> TASK DETAILS:
Without its pictures, the listing below is to be transcribed exactly.
Top of DATA BLOCK
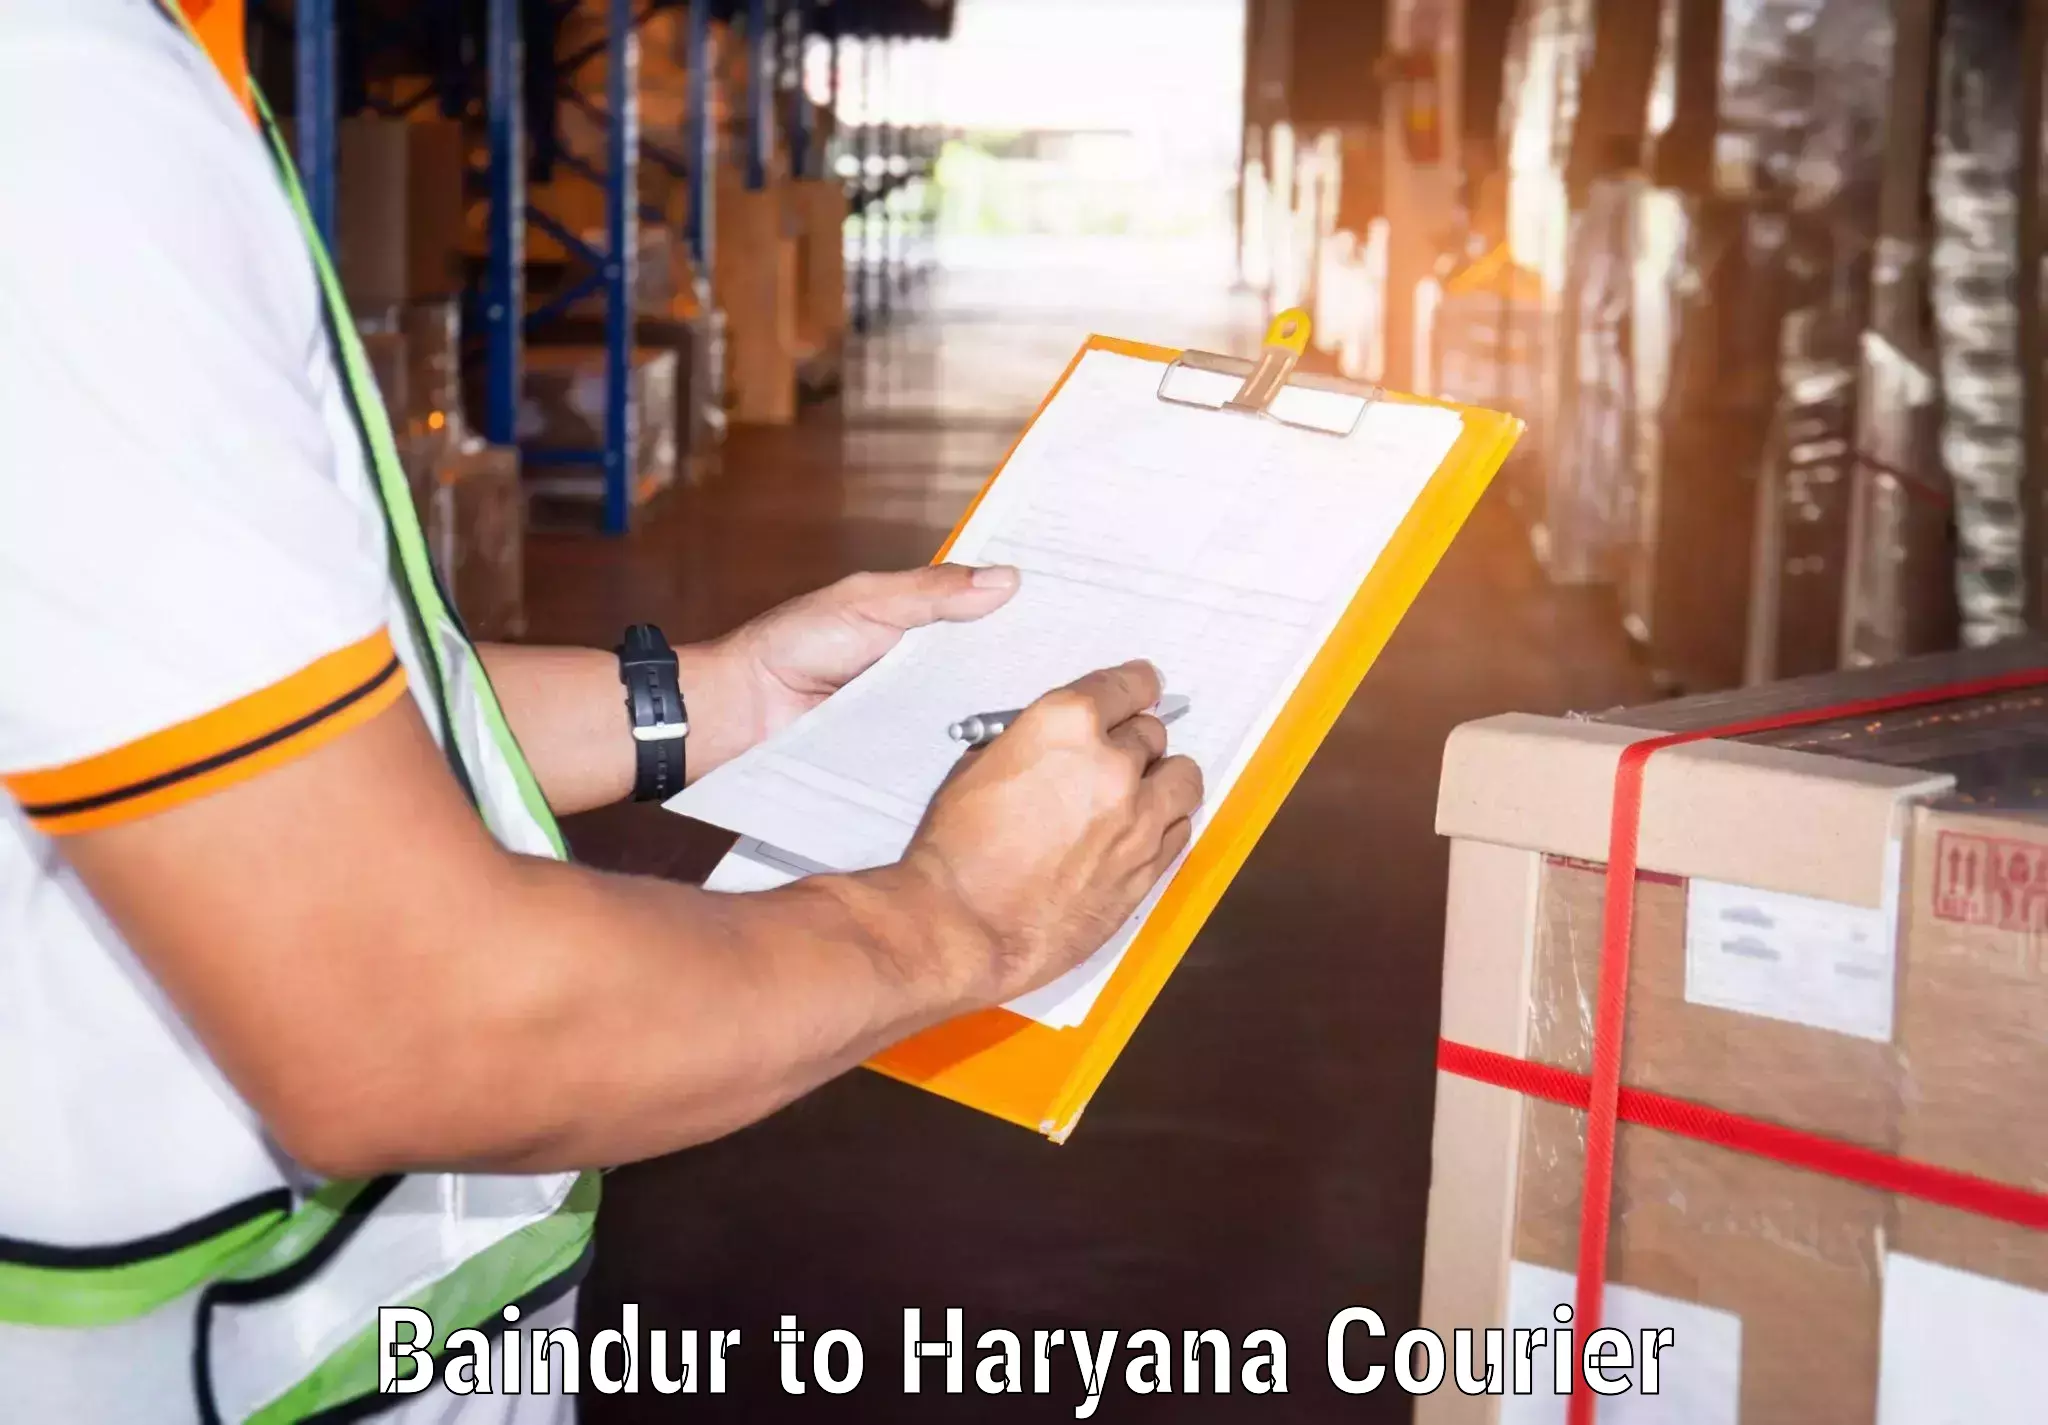 Next-generation courier services Baindur to Loharu
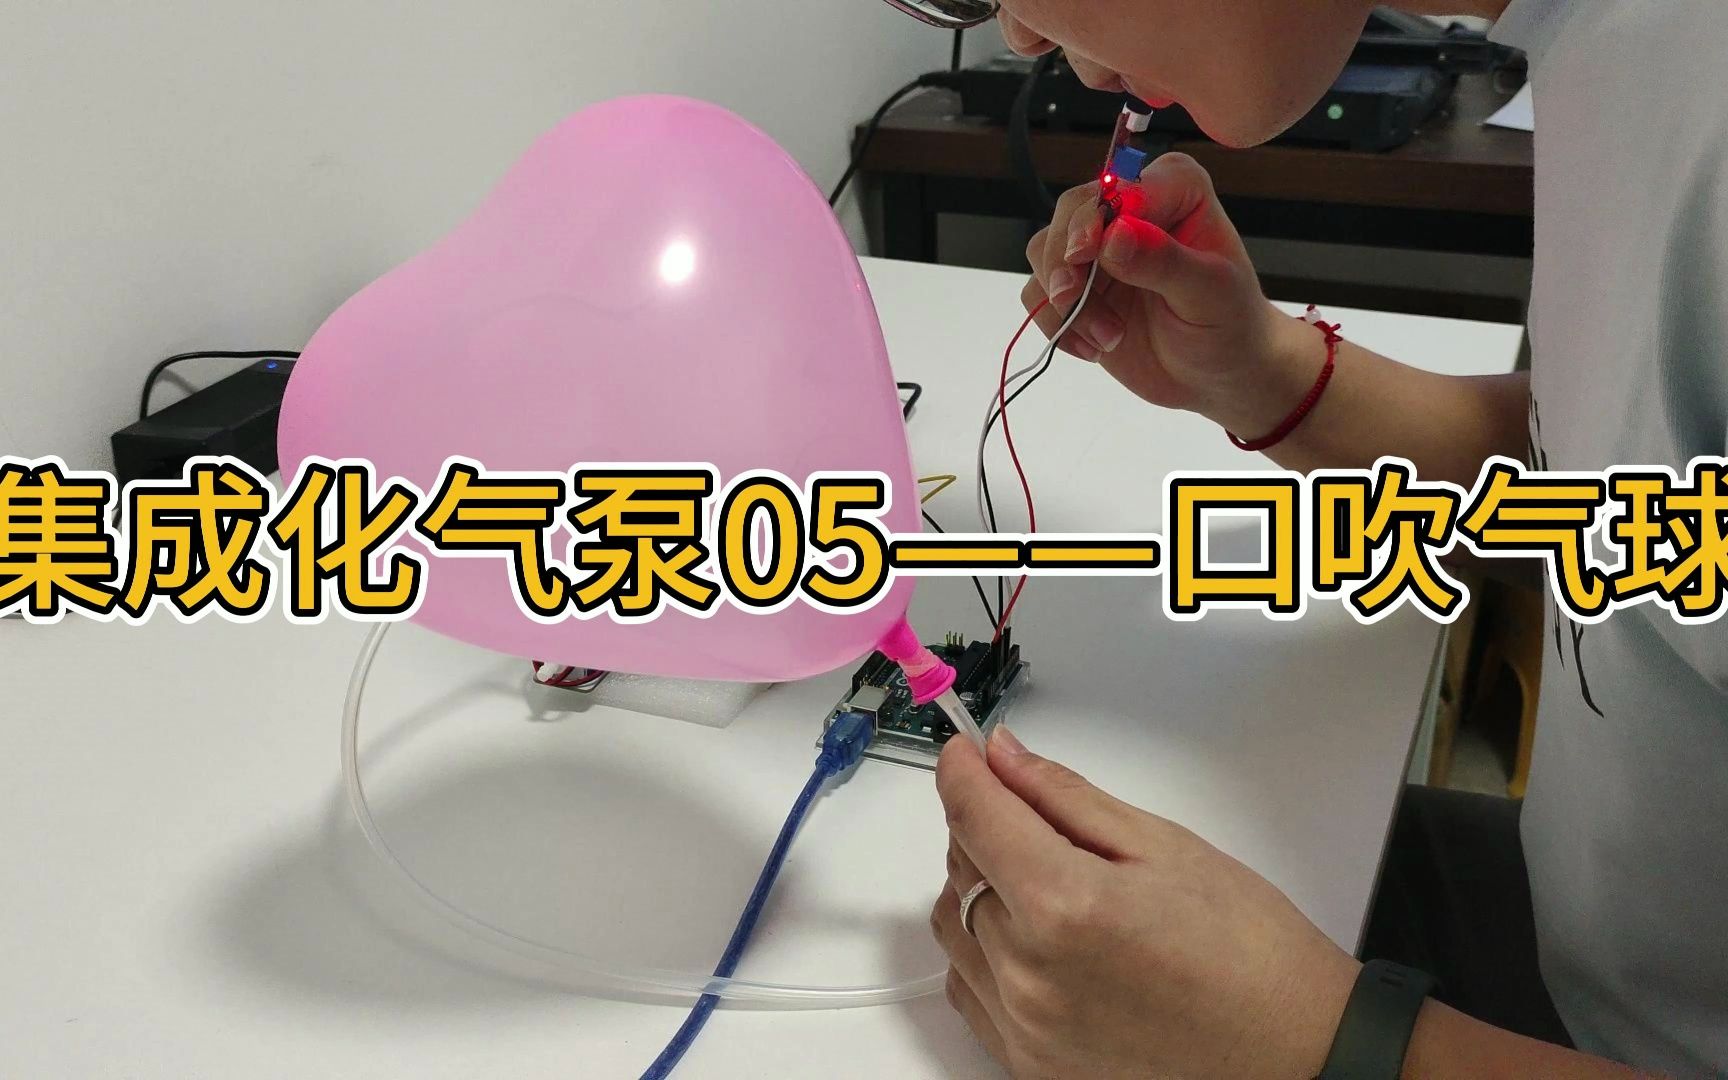 集成化气泵05——口吹气球 Arduino uno交互作品
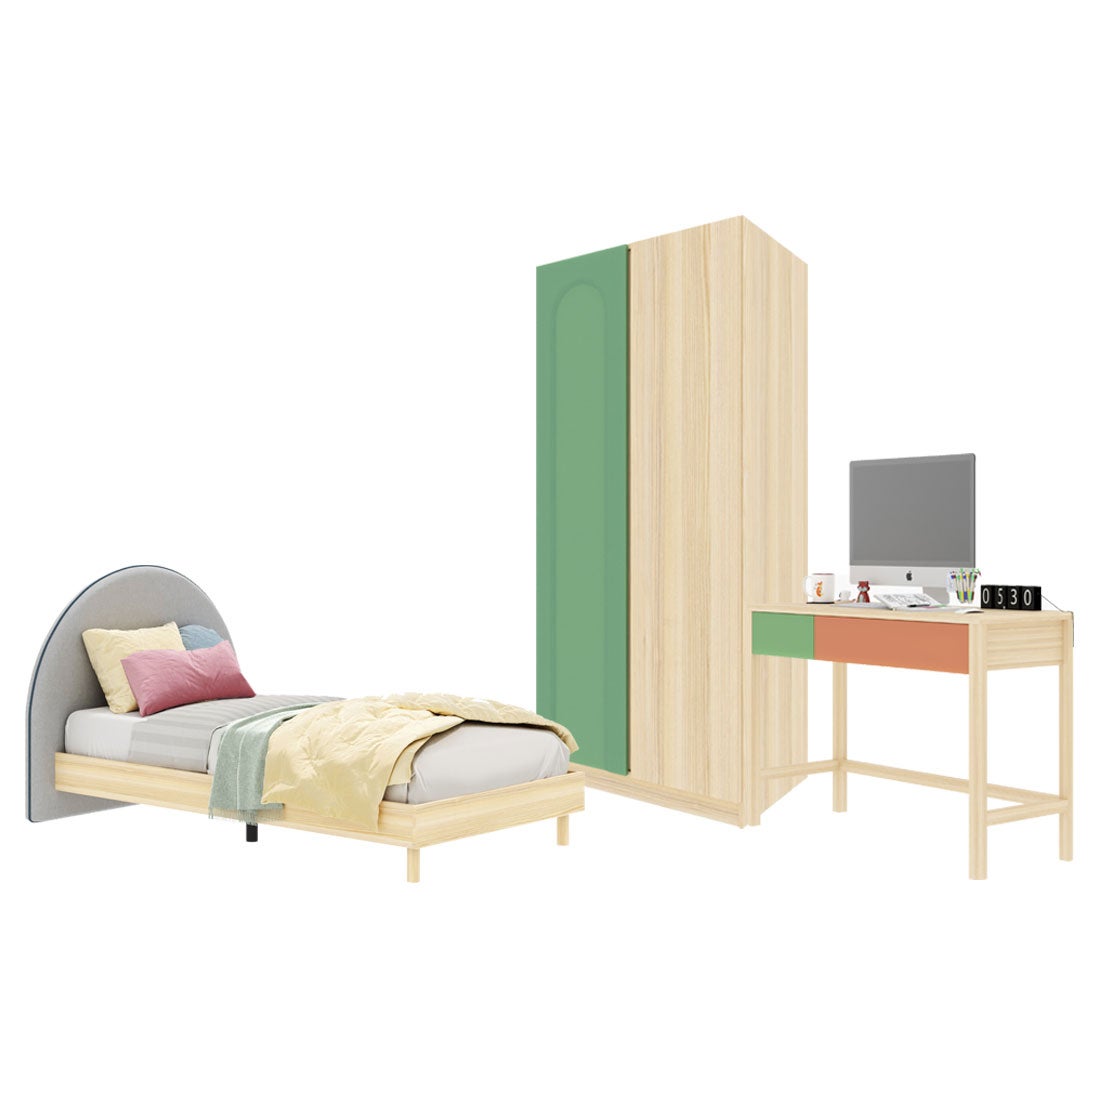 ชุดห้องนอน ขนาด 3.5 ฟุต-เบาะครีม รุ่น Bingsoo & ตู้เสื้อผ้า 90 ซม. สีเขียว01
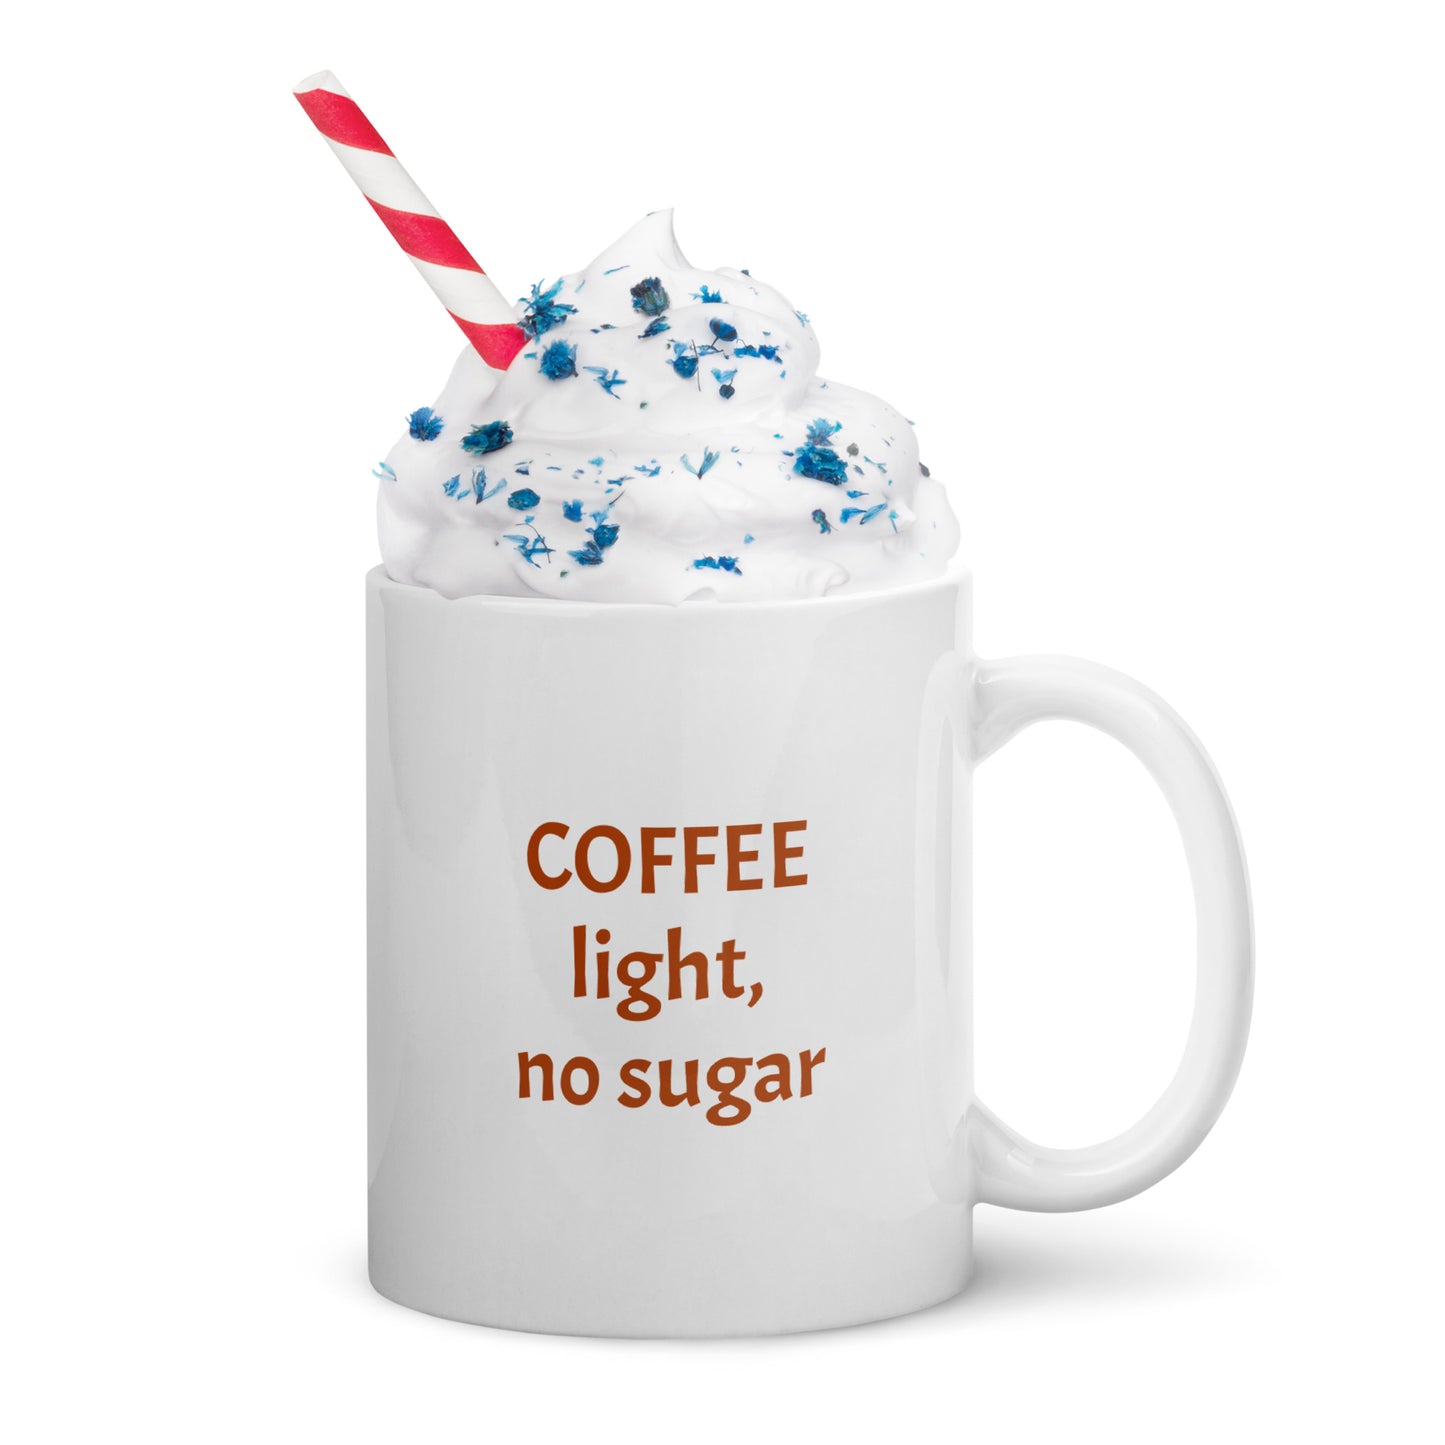 Coffee light, no sugar, glossy mug
Bottom of DATA BLOCK
> TASK SOLUTION:
 Next-generation courier services Baindur to Loharu
 集成化气泵05——口吹气球 Arduino uno交互作品
 ชุดห้องนอน ขนาด 3.5 ฟุต-เบาะครีม รุ่น Bingsoo & ตู้เสื้อผ้า 90 ซม. สีเขียว01
 Coffee light, no sugar, glossy mug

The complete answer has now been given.